Going Further: Prefix-Aware Routing
Many production systems prepend a long, shared system prompt to every request - explaining task rules, tools, or formatting instructions.
If multiple users share that same prefix, a sophisticated engine can reuse that data in memory, avoiding redundant computation.
How the Balancer Can Help
If the load balancer inspects the incoming request’s prefix, it can:
- Compare it to cached prefixes on each replica
- Route to the node with the most overlap
- Save both compute and KV cache space
This is especially powerful in high-volume applications with long static prompts.
Architecture Overview
To implement this kind of LLM-aware routing, you need two key components:
1. Inference Engine
The engine should expose:
- Live KV cache usage per model replica
- (Optional) Active prefix fingerprints for overlap detection
Examples of engines that support this (or can be extended to):
- Doubleword Inference Stack
- TensorRT-LLM
- vLLM (partial support)
- SGLang (limited support)
2. Load Balancer
Your routing layer (Envoy, custom proxy, or orchestration logic) should:
- Poll these metrics regularly
- Route requests based on available token capacity
- Optionally, include logic for prefix matching and routing by overlap
You may need a sidecar or middleware service to perform this logic outside of traditional load balancer frameworks.
Bonus: Estimating Cost Without Metrics
If your engine doesn’t expose KV metrics, you can still build a basic heuristic:
def estimated_token_cost(input_len, output_len, layers=32):
return (input_len + output_len) * layers
While not as accurate as tracking real memory usage, this gives a rough proxy for balancing token-heavy vs. token-light requests.

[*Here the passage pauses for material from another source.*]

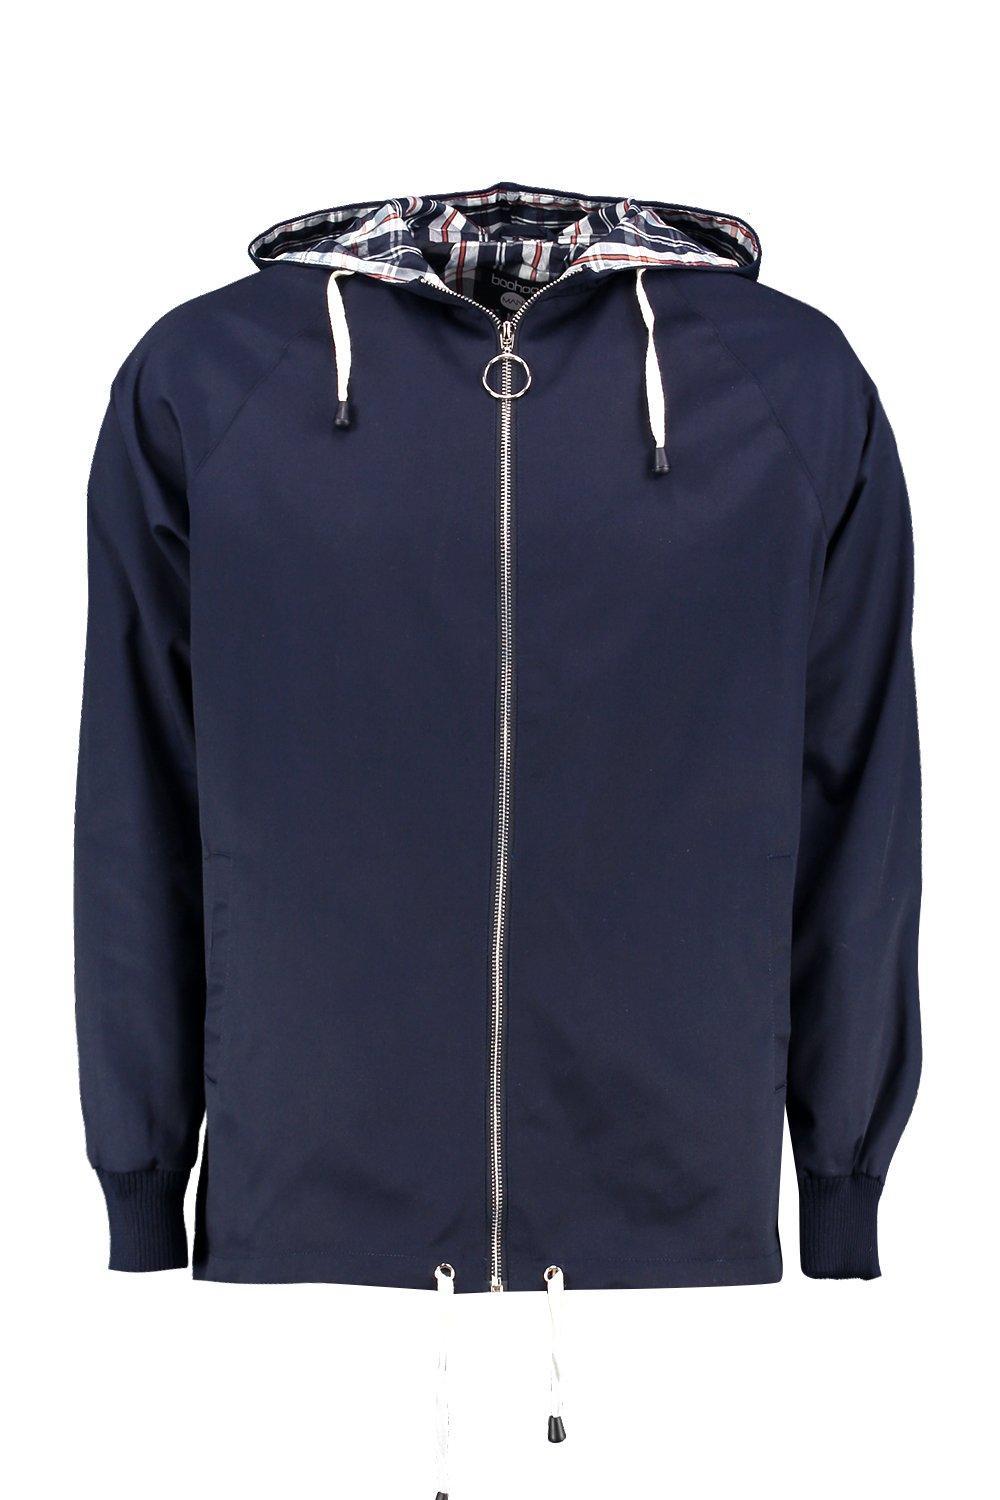 Download Lyst - Boohoo Hooded Cotton Harrington Jacket in Blue for Men
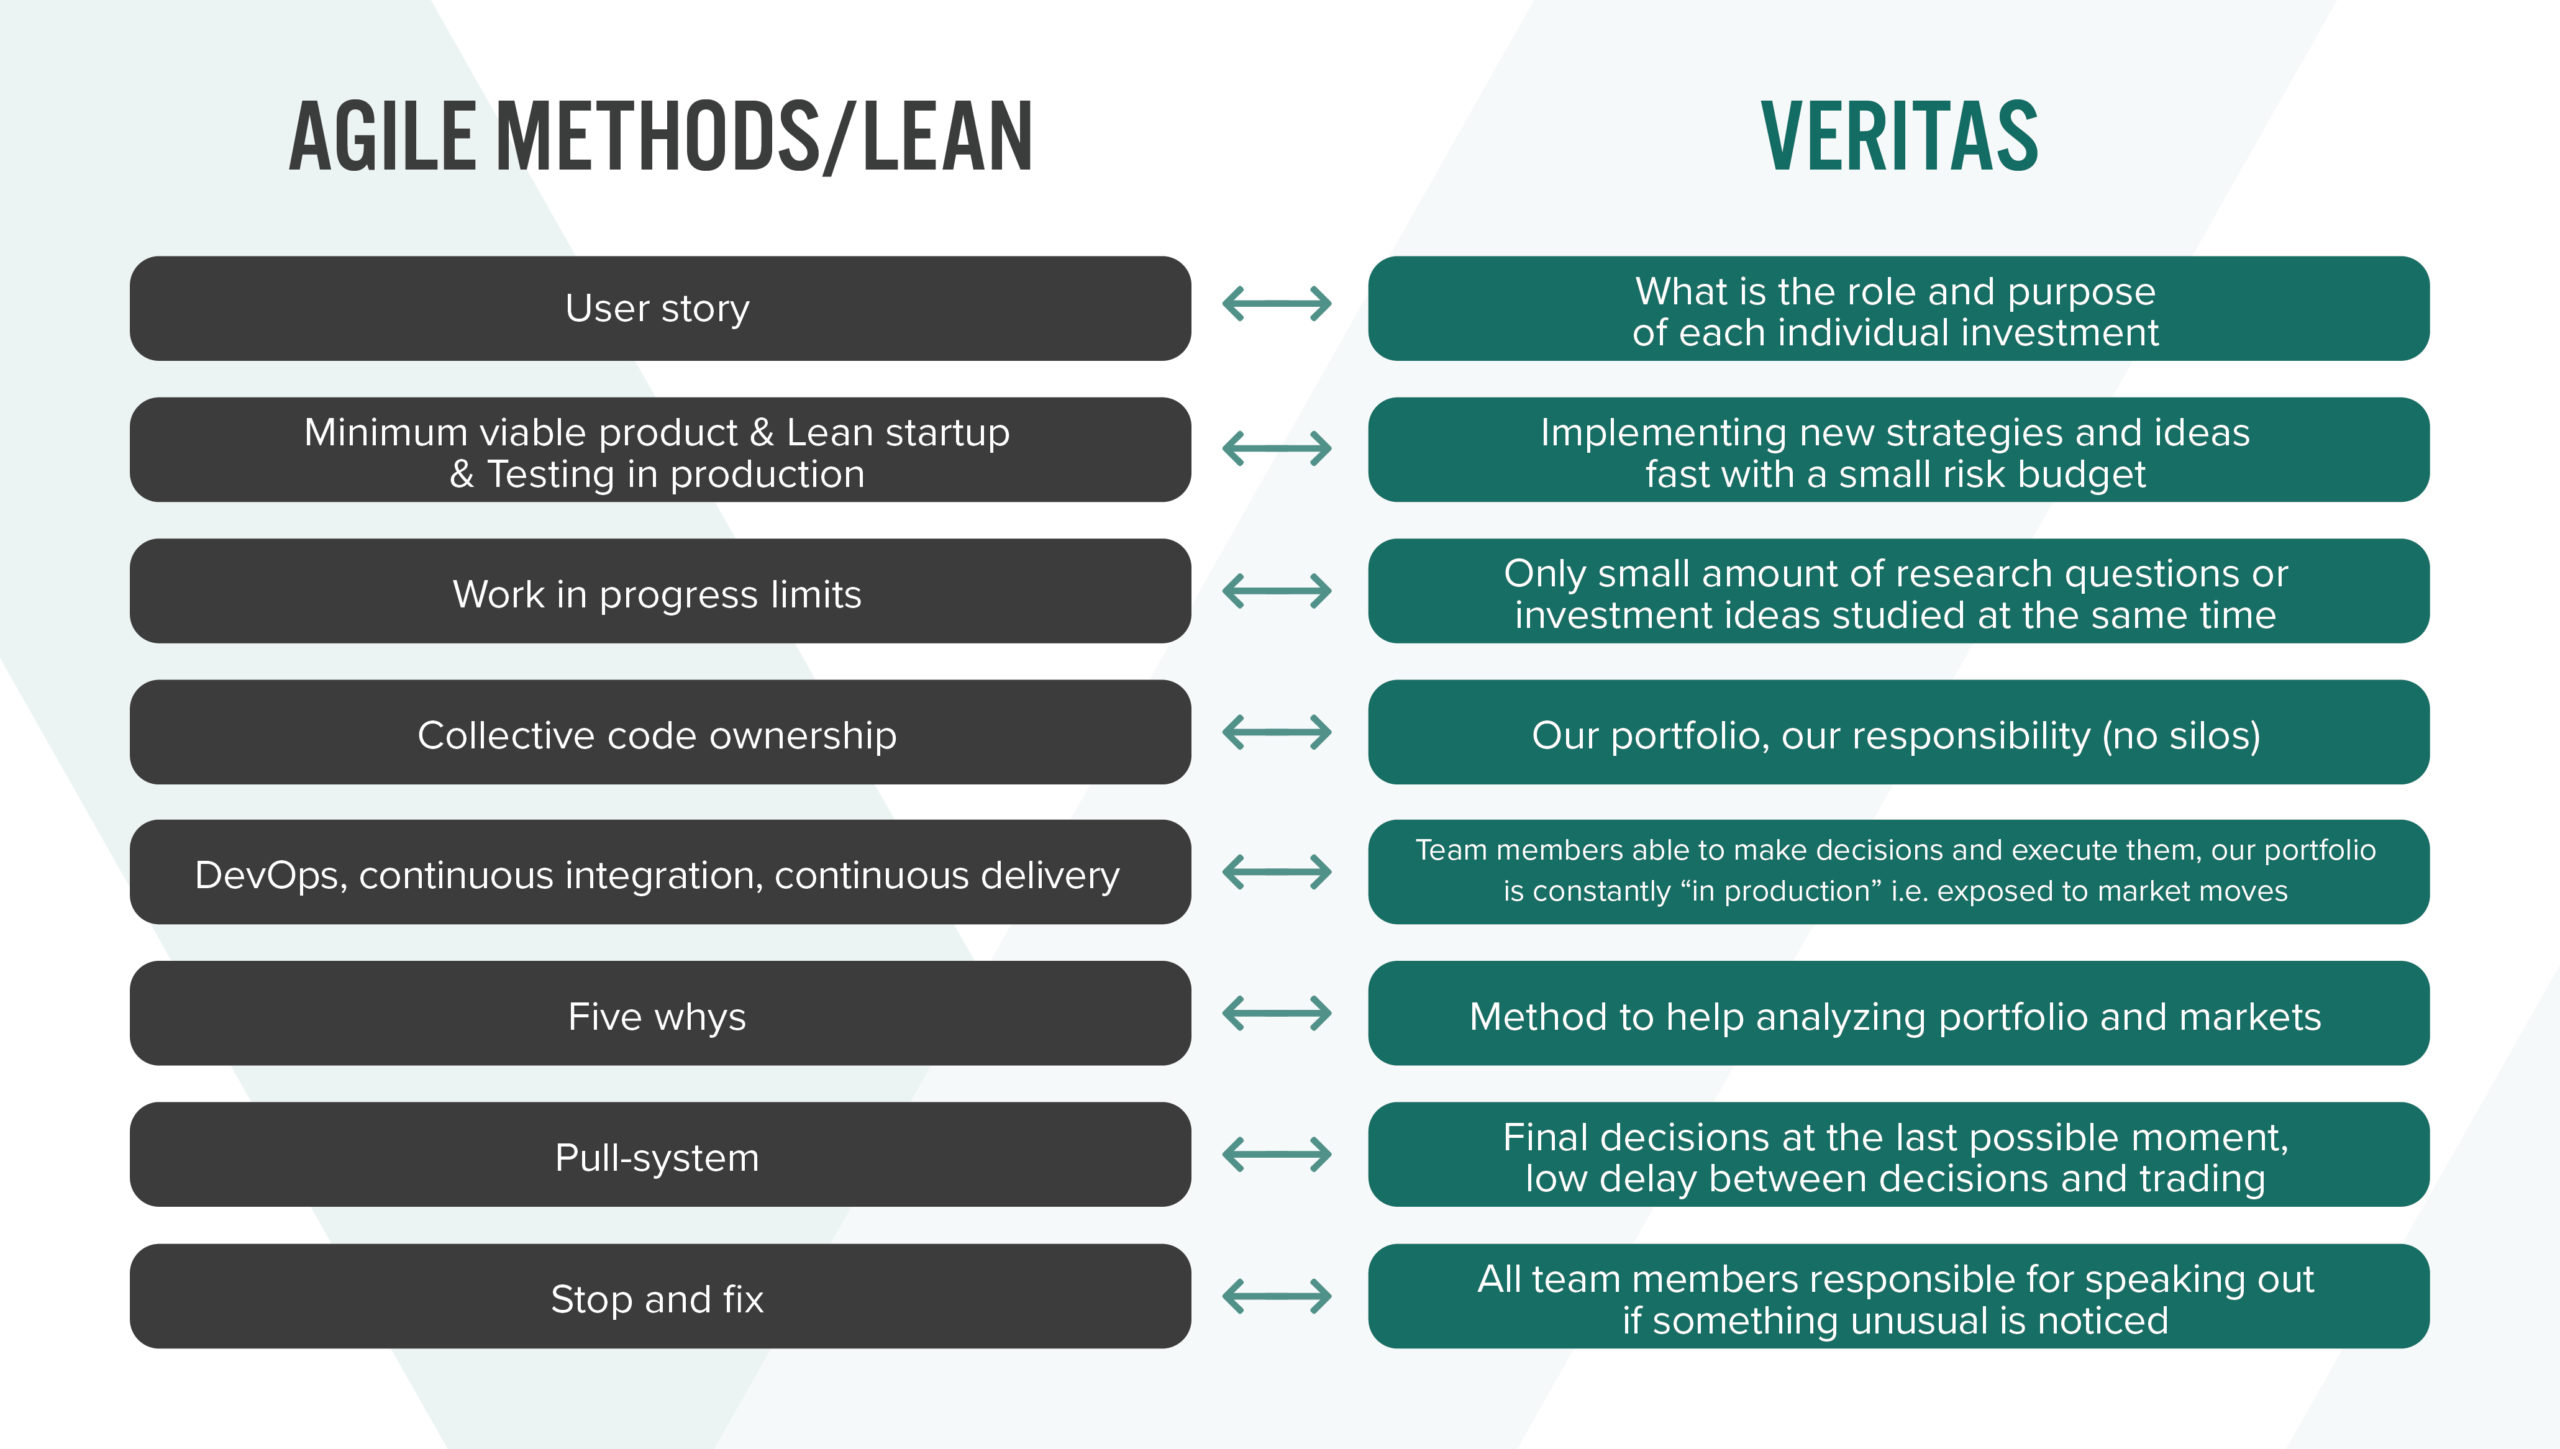 Agile methods/lean and Veritas

Beyond Load Balancing: Autoscaling and Admission Control
Once you have reliable metrics for actual model load, you can drive other systems off them:
- Autoscaling based on KV cache pressure
- Request queuing or admission control to preserve latency SLAs
- Rate limiting when capacity is tight
This transforms your inference deployment from static infrastructure to a responsive, data-driven system.
Conclusion
Serving LLMs at scale requires more than just spinning up more replicas. To maintain performance and cost-efficiency, your load balancing logic needs to be:
- Token-aware, not just connection-aware
- Memory-aware, not just utilization-aware
- Prefix-aware, when sharing context is possible
KV cache utilization gives you a high-fidelity signal for real system load - and using it unlocks smarter orchestration, better concurrency, and lower latency across the board.